Manifest-based ingestion concepts
Manifest-based file ingestion provides end-users and systems a robust mechanism for loading metadata about datasets in Azure Data Manager for Energy instance. This metadata is indexed by the system and allows the end-user to search the datasets.
Manifest-based file ingestion is an opaque ingestion that do not parse or understand the file contents. It creates a metadata record based on the manifest and makes the record searchable.
What is a Manifest?
A manifest is a JSON document that has a pre-determined structure for capturing entities defined as 'kind', that is, registered as schemas with the Schema service - Well-known Schema (WKS) definitions.
You can find an example manifest json document here.
The manifest schema has containers for the following OSDU® Group types:
- ReferenceData (zero or more) - A set of permissible values to be used by other (master or transaction) data fields. Examples include Unit of Measure (feet), Currency, etc.
- MasterData (zero or more) - A single source of basic business data used across multiple systems, applications, and/or process. Examples include Wells and Wellbores
- WorkProduct (WP) (one - must be present if loading WorkProductComponents) - A session boundary or collection (project, study) encompasses a set of entities that need to be processed together. As an example, you can take the ingestion of one or more log collections.
- WorkProductComponents (WPC) (zero or more - must be present if loading datasets) - A typed, smallest, independently usable unit of business data content transferred as part of a Work Product (a collection of things ingested together). Each Work Product Component (WPC) typically uses reference data, belongs to some master data, and maintains a reference to datasets. Example: Well Logs, Faults, Documents
- Datasets (zero or more - must be present if loading WorkProduct and WorkProductComponent records) - Each Work Product Component (WPC) consists of one or more data containers known as datasets.
The Manifest data is loaded in a particular sequence:
- The 'ReferenceData' array (if populated).
- The 'MasterData' array (if populated).
- The 'Data' structure is processed last (if populated). Inside the 'Data' property, processing is done in the following order:
- the 'Datasets' array
- the 'WorkProductComponents' array
- the 'WorkProduct'.
Any arrays are ordered. should there be interdependencies, the dependent items must be placed behind their relationship targets, for example, a master-data Well record must be placed in the 'MasterData' array before its Wellbores.
Manifest-based file ingestion workflow
Azure Data Manager for Energy instance has out-of-the-box support for Manifest-based file ingestion workflow. Osdu_ingest
Airflow DAG is pre-configured in your instance.
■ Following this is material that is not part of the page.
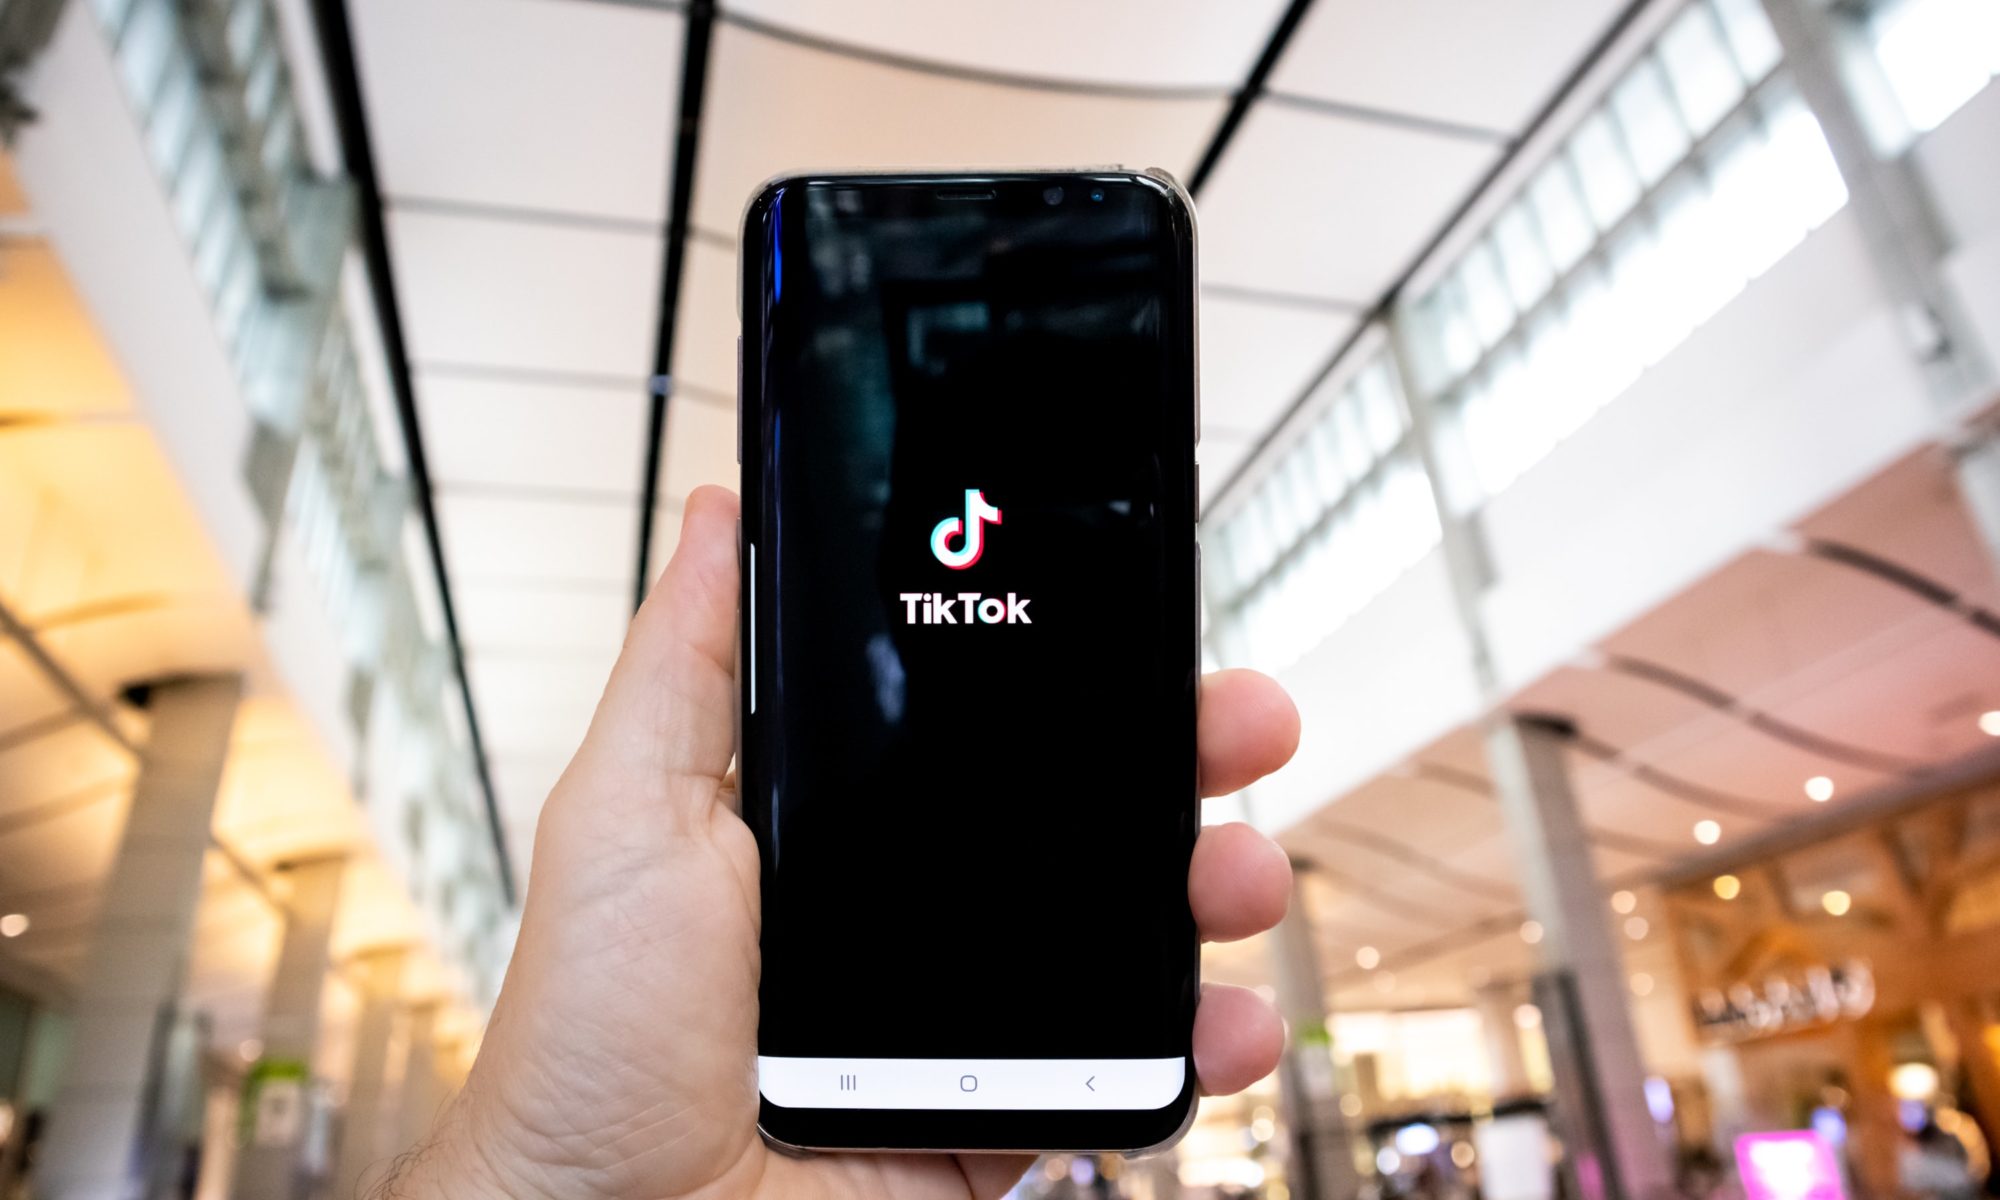 Mock up TikTok App on phone screen

Manifest-based file ingestion workflow components
The Manifest-based file ingestion workflow consists of the following components:
- Workflow Service - A wrapper service running on top of the Airflow workflow engine.
- Airflow engine - A workflow orchestration engine that executes workflows registered as DAGs (Directed Acyclic Graphs). Airflow is the chosen workflow engine by the OSDU® community to orchestrate and run ingestion workflows. Airflow isn't directly exposed, instead its features are accessed through the workflow service.
- Storage Service - A service that is used to save the manifest metadata records into the data platform.
- Schema Service - A service that manages OSDU® defined schemas in the data platform. Schemas are being referenced during the Manifest-based file ingestion.
- Entitlements Service - A service that manages access groups. This service is used during the ingestion for verification of ingestion permissions. This service is also used during the metadata record retrieval for validation of "read" writes.
- Legal Service - A service that validates compliance through legal tags.
- Search Service is used to perform referential integrity check during the manifest ingestion process.
Pre-requisites
Before running the Manifest-based file ingestion workflow, customers must ensure that the user accounts running the workflow have access to the core services (Search, Storage, Schema, Entitlement and Legal) and Workflow service (see Entitlement roles for details). As part of Azure Data Manager for Energy instance provisioning, the OSDU® standard schemas and associated reference data are pre-loaded. Customers must ensure that the user account used for ingesting the manifests is included in appropriate owners and viewers ACLs. Customers must ensure that manifests are configured with correct legal tags, owners and viewers ACLs, reference data, etc.
Workflow sequence
The following illustration provides the Manifest-based file ingestion workflow:
A user submits a manifest to the Workflow Service
using the manifest ingestion workflow name ("Osdu_ingest"). If the request is proper and the user is authorized to run the workflow, the workflow service loads the manifest and initiates the manifest ingestion workflow.
The workflow service executes a series of manifest syntax validation
like manifest structure and attribute validation as per the defined schema and check for mandatory schema attributes. The system then perform referential integrity validation
between Work Product Components and Datasets. For example, whether the referenced parent data exists.
Once the validations are successful, the system processes the content into storage by writing each valid entity into the data platform using the Storage Service API.
OSDU® is a trademark of The Open Group.